Introduction and Article Summary
The article selected states the stance of the Federal Reserve (central bank of US) towards further cushioning the easy monetary policy already in place and the positive impact on US economy that it hopes to accomplish. It describes the decision of Mr. Bernanke (chairman of Federal Reserve) to further increase the buying of Treasury bonds (amounting to $300 billion), mortgage-backed securities (amounting to $1.25 trillion) and debts issued by Fannie Mae and Freddie Mac (amounting to $200 billion) as another attempt to take the economy out of recession. It is described as an innovative way of increasing the money supply in the economy because the Federal Reserve (Fed) has already exhausted regular monetary policy tools such as interest rates.

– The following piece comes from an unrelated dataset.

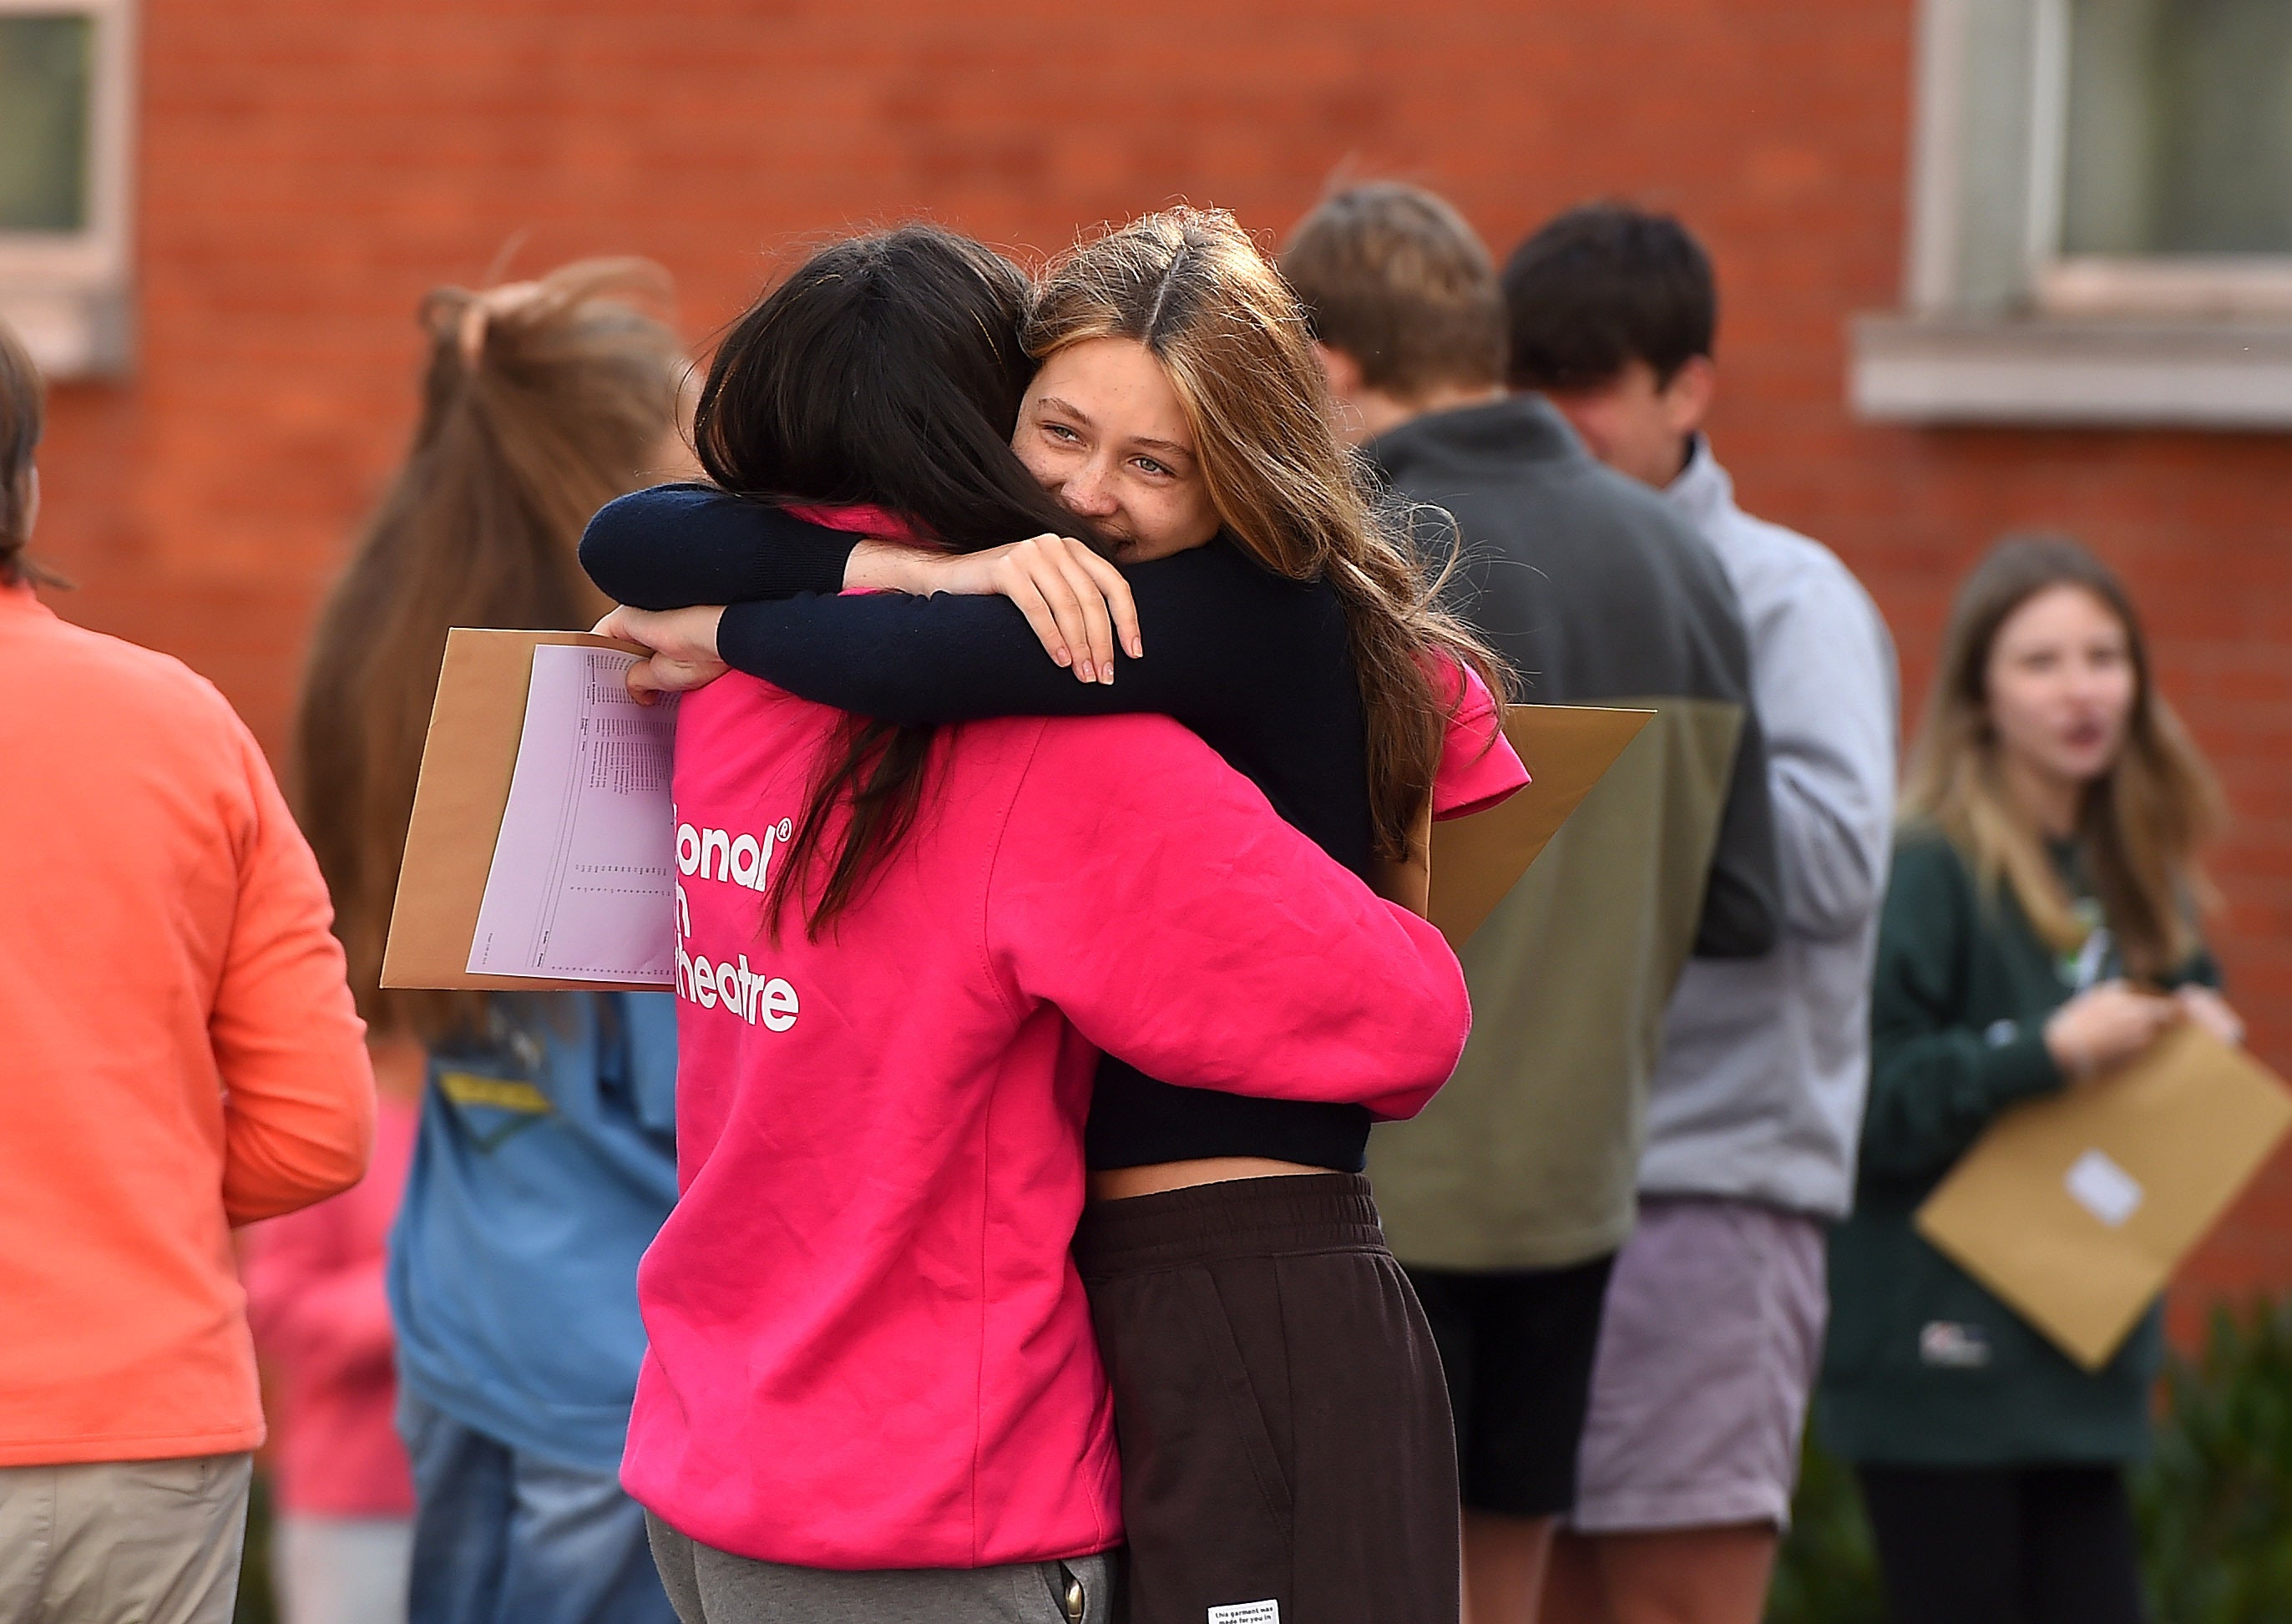 Hundreds of thousands of pupils received GCSE results on Thursday

It had ventured into unusual operations by the end of last year by buying private commercial paper, expanding loans to banks & financial institutions, making enormous loans and loan guarantees to AIG, Bear Stearns, Citigroup and Bank of America. During that time the Fed also set up a facility to buy securities backed by car, student, small business loans and mortgages. These measures were deeply criticized and raised doubts about the rationale followed by Federal Reserve. The Fed had taken these steps to expand the credit base to private sector and decrease the spread (the difference between deposit interest rates and lending interest rates) on private loans. However, the new announcement on further buying of treasuries has raised criticisms such as the risk of inflation and dependence of Fed on newly printed money. Nonetheless, Mr. Bernanke states that assuming such a risk is the right thing to do to pull the economy out of recession (a slump in GDP growth). As inflation (the increase in price levels when too much money is chasing too few goods) is currently not the problem because the economy is actually headed towards deflation (an overall decrease in price levels in the economy). The Fed also argues that the main aim of these measures is to lower the cost of private credit and the fact that it also eases the money supply is just a second thought. The rationale behind easing private credit is to instill demand for consumer and investment loans. These are expected to provide the impetus for GDP growth in the economy and bring it out of recession. The Fed needs governmental support to accomplish these goals i.e. to win back the confidence of lending institutions and consumers.